Judith of Hungary (; b. Esztergom, ca. 969 - d. Kraków?, ca. 988) was a Hungarian princess and member of the House of Arpad. She was briefly married to the Piast duke of Poland, Bolesław the Brave.

According to some sources, she was the eldest child of Géza of Hungary by his first wife Sarolt, a daughter of Gyula of Transylvania.

However, modern historians have now discarded her parentage, and state that she was an unknown Hungarian princess. Though opinions vary about the identity of Bolesław I's second wife, there are a number of researchers who still support the hypothesis of her being the daughter of Géza.

Life 

At the end of 985, Judith became in the second wife of Bolesław, heir of the Polish throne, after he repudiated his first wife Hunilda, daughter of Rikdag, Margrave of Meissen. The union (probably instigated by Duke Boleslav II of Bohemia, maternal uncle of the Polish prince) produced a son, Bezprym.

Perhaps because of the deterioration in political relations between Poland and Hungary, around 987 Judith was repudiated and sent away.
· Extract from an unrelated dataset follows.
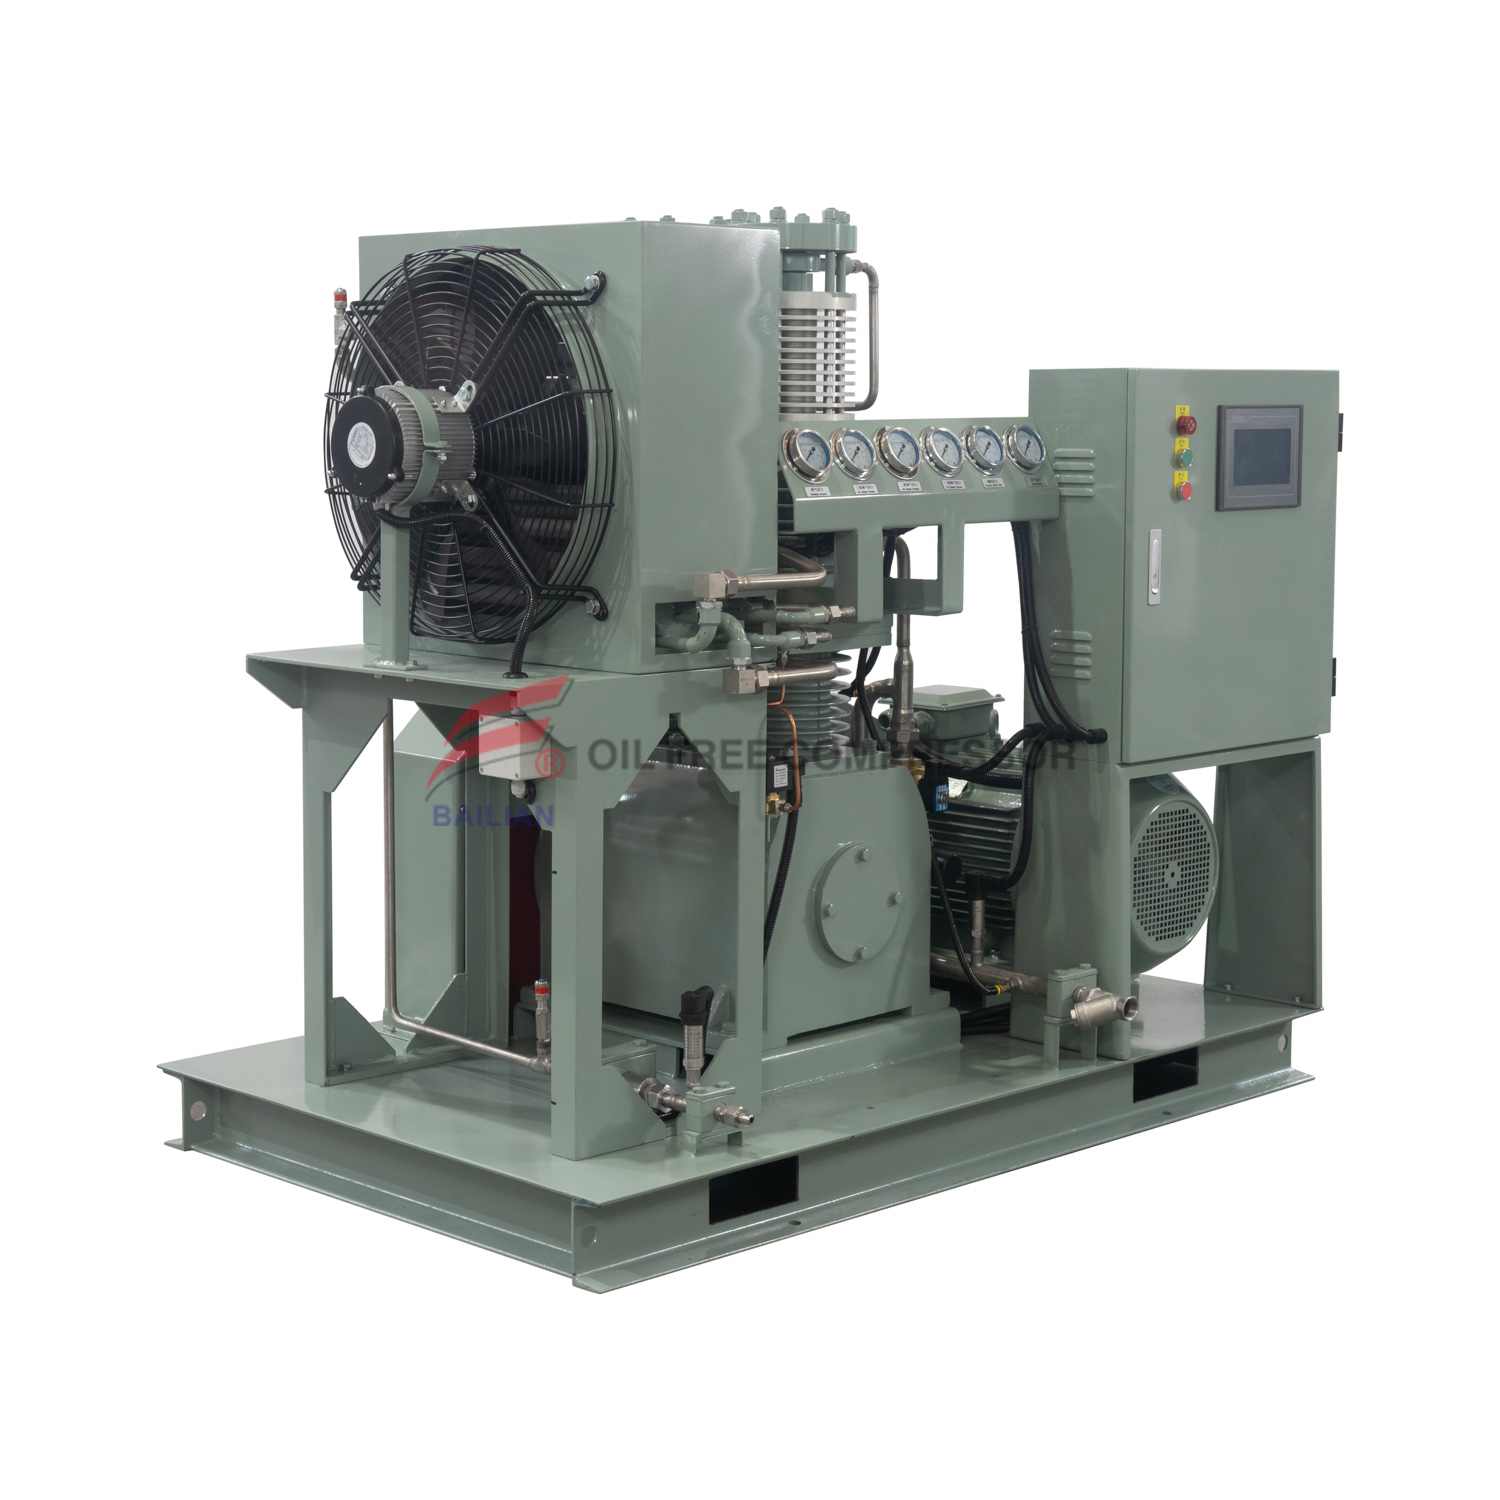 GZW-40/8-300 Oil Free Lubrication Vertical Type Nitrogen Compressor

She probably remained in Poland and died shortly after her divorce; she never became Duchess of Poland because her father-in-law was still alive at the time of her dismissal.

Bolesław soon re-married, this time with Emnilda, a Slavic princess, who bore him five children, including the future Mieszko II Lambert. Despite Bezprym being the first-born son, he was deprived of the throne of Poland by his father, who largely favored the children born from his union with Emnilda. Around 1003 Bolesław I sent Bezprym to Italy, where he became a monk in one of Saint Romuald's hermitages. In 1031, in alliance with Conrad II, Holy Roman Emperor and the Grand Prince Yaroslav I the Wise, he finally gained the throne to his half-brother Mieszko II. His reign didn't last long and was murdered one year later.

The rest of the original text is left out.